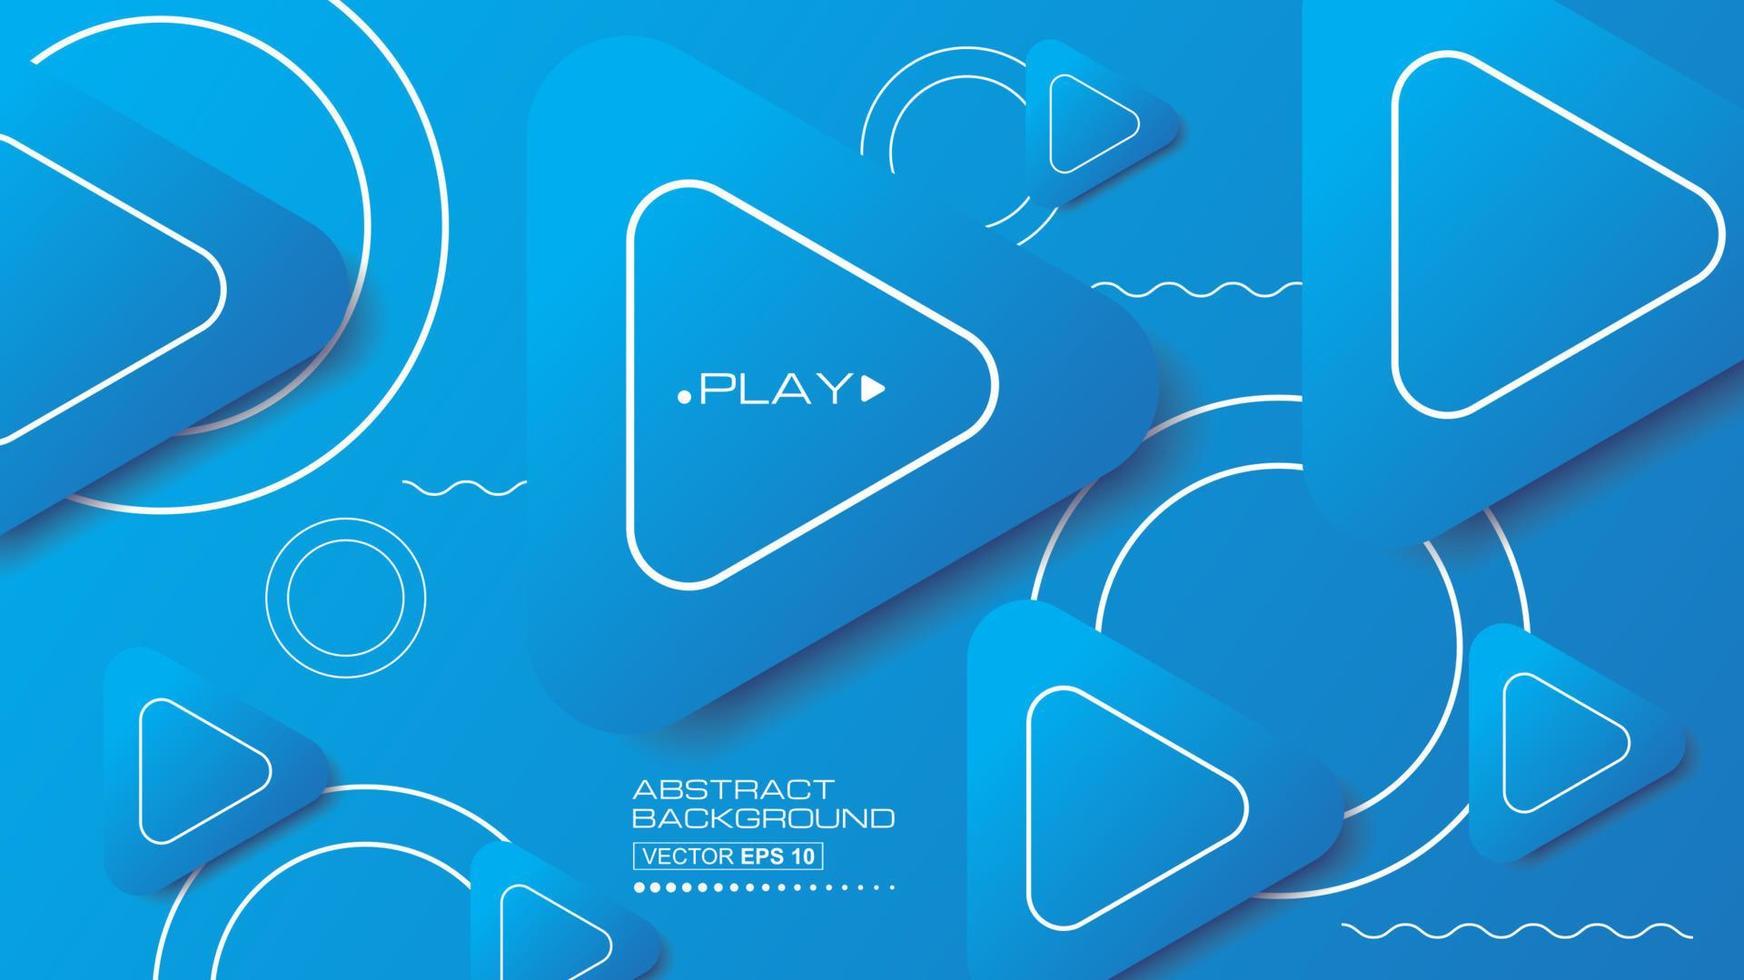 abstrakter Hintergrund modern mit Play-Button-Symbol futuristische Grafik. blaue hintergrundkreislinien. Vektor abstrakte Hintergrundillustration.
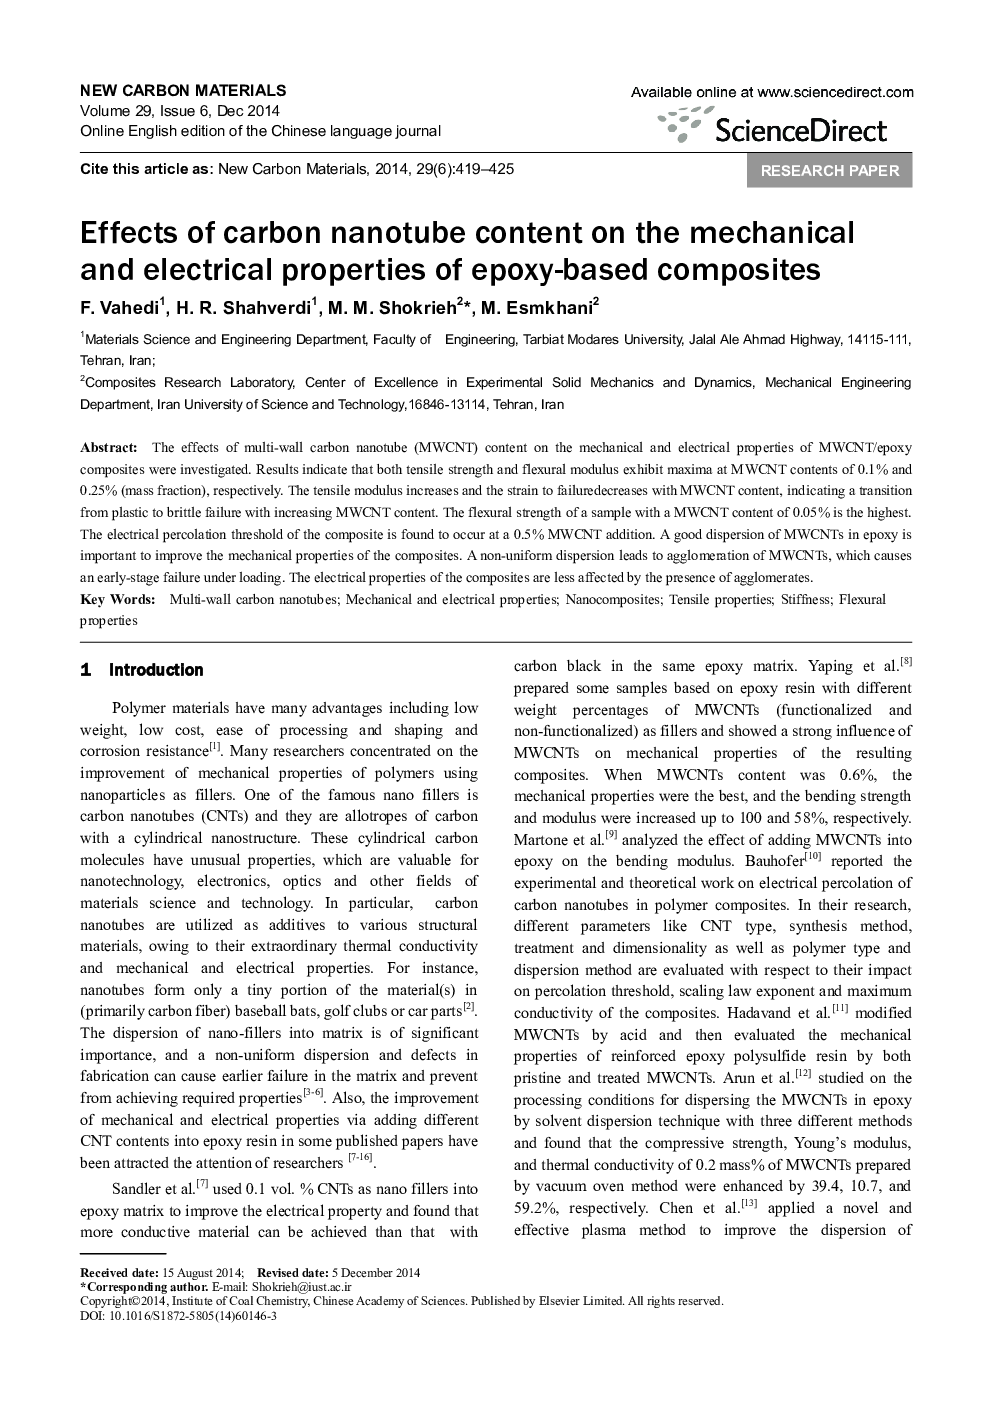 اثرات محتوای نانولوله کربن بر خواص مکانیکی و الکتریکی کامپوزیت های اپوکسی 
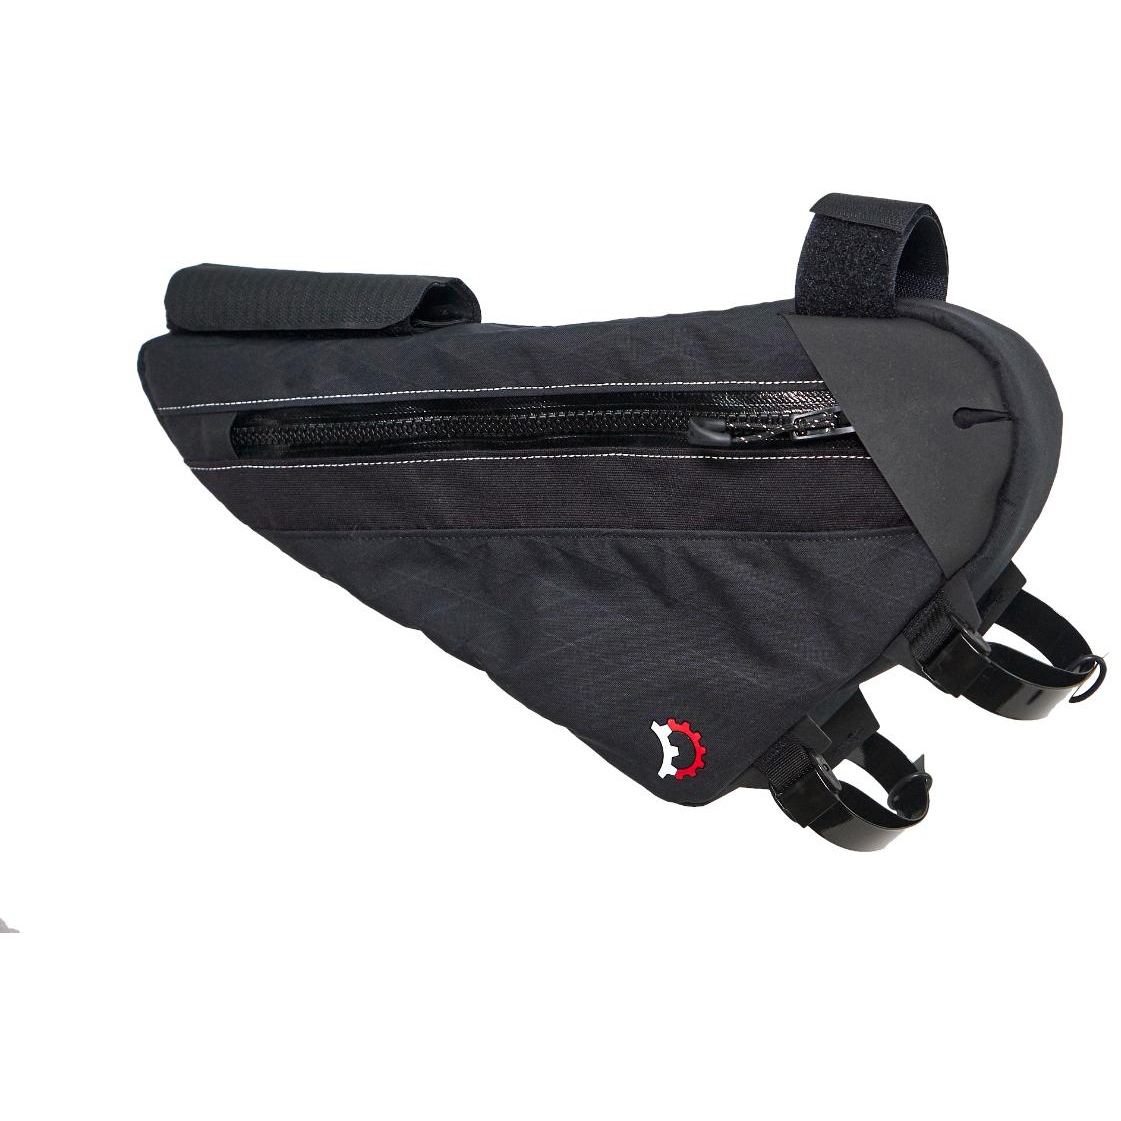 Picture of Revelate Designs Sandur Frame Bag - 2.7L - Large / Black
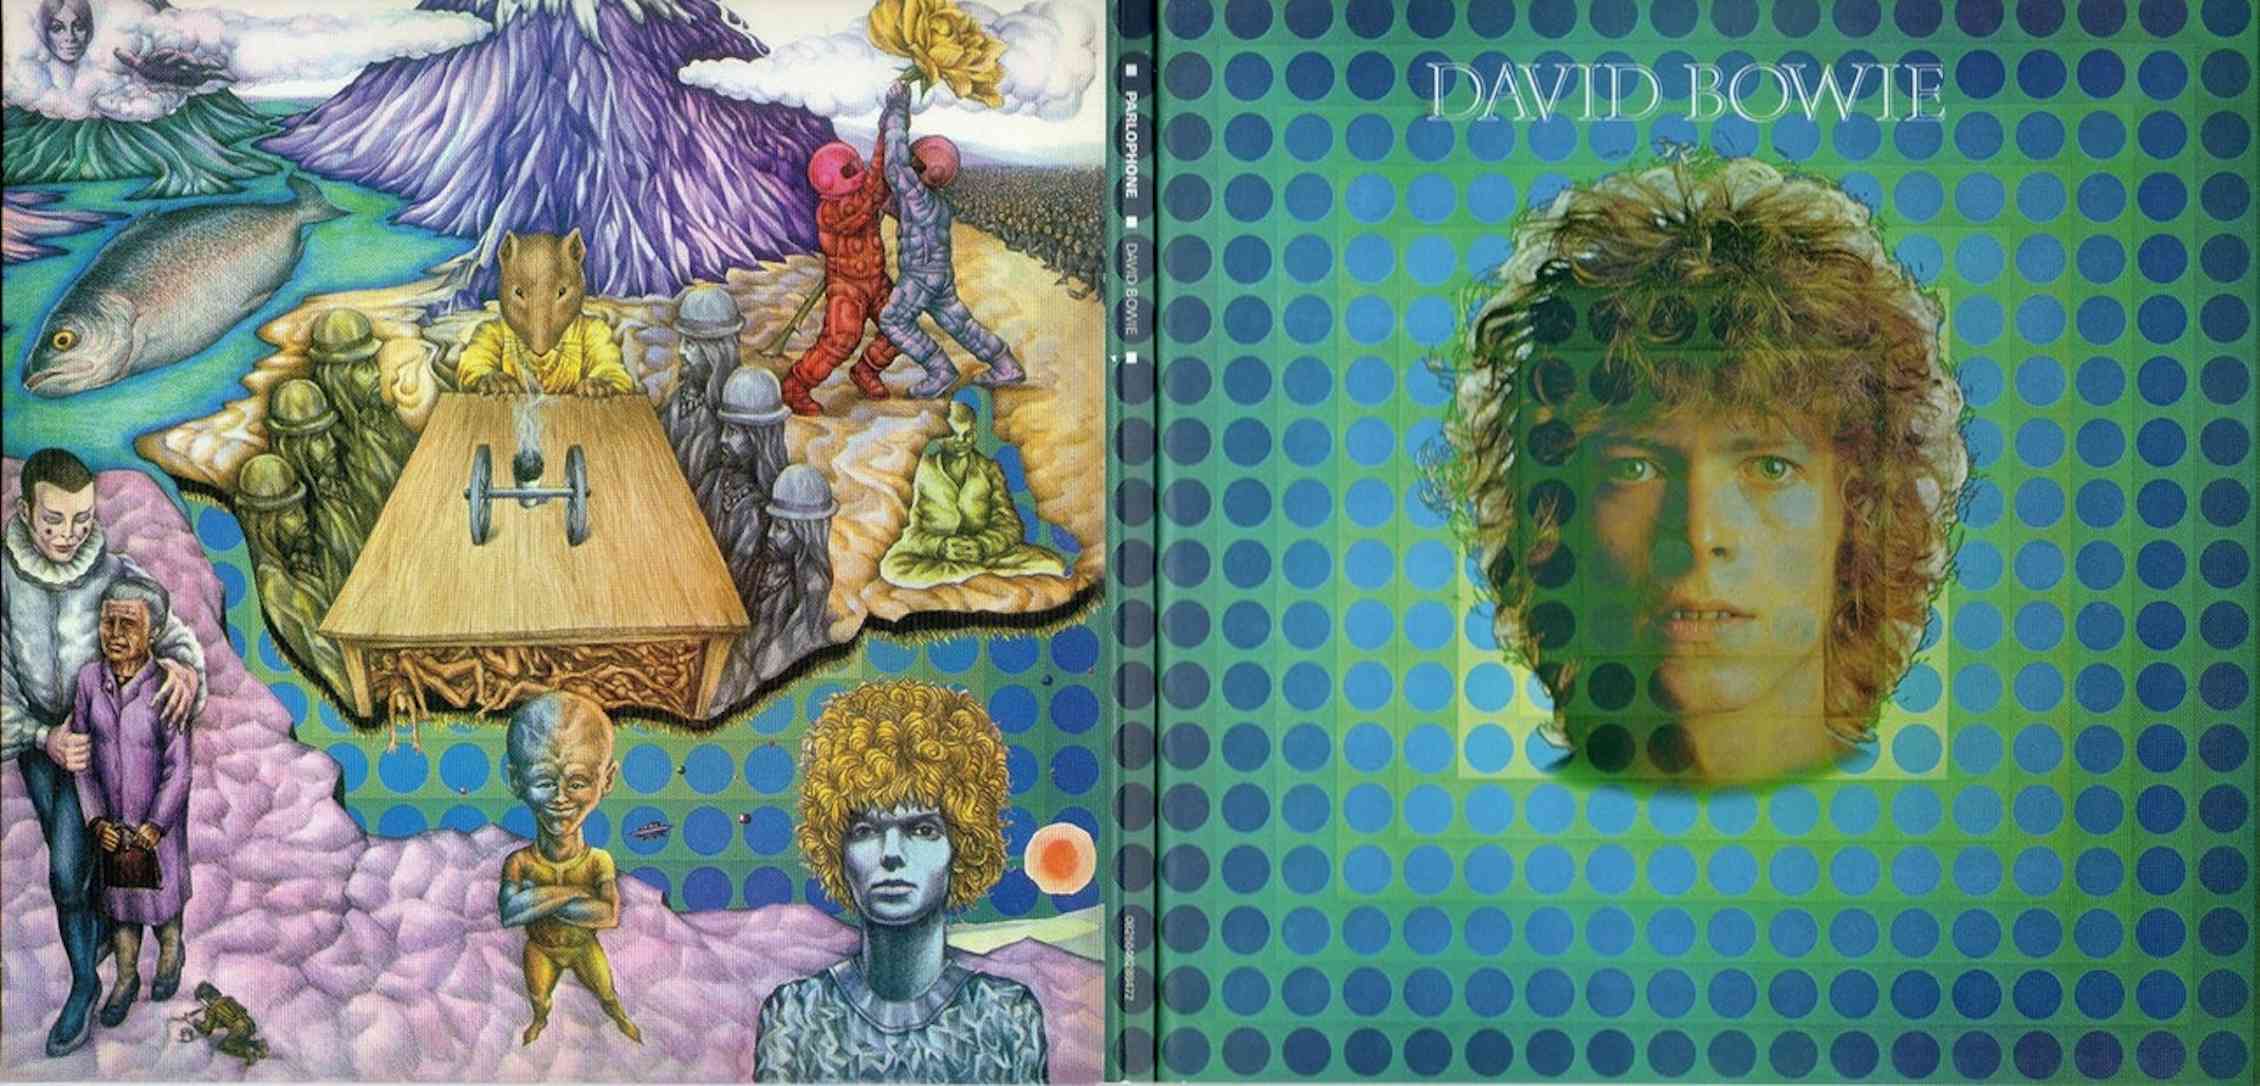 David bowie's space oddity. Дэвид Боуи 1969. David Bowie 1969 album. Space Oddity 1969. David Bowie Space Oddity 1969.
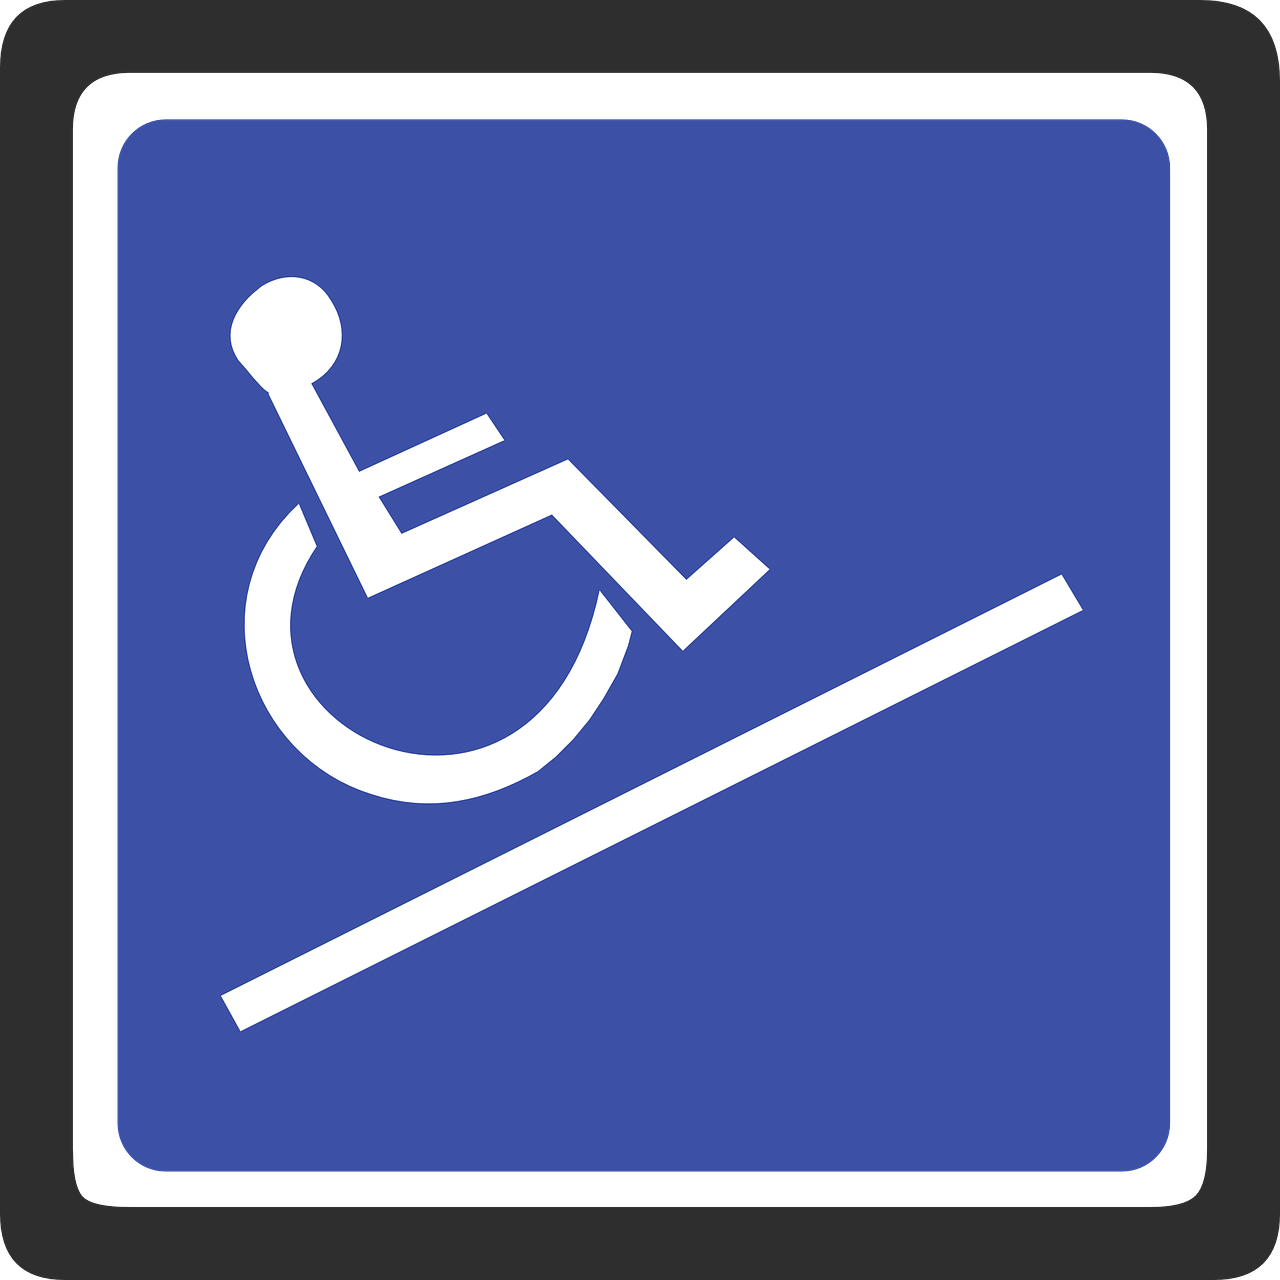 DBM Achterhoek BV instelling gehandicaptenzorg verstandelijk gehandicapten beoordeling

How to complete this task: Only exact copies are wanted here. Write out the lines from the one containing "Picture of Revelate" through the end of the material and no others, omitting all pictures.

Answer space:
 Picture of Revelate Designs Sandur Frame Bag - 2.7L - Large / Black
 David bowie's space oddity. Дэвид Боуи 1969. David Bowie 1969 album. Space Oddity 1969. David Bowie Space Oddity 1969.
 DBM Achterhoek BV instelling gehandicaptenzorg verstandelijk gehandicapten beoordeling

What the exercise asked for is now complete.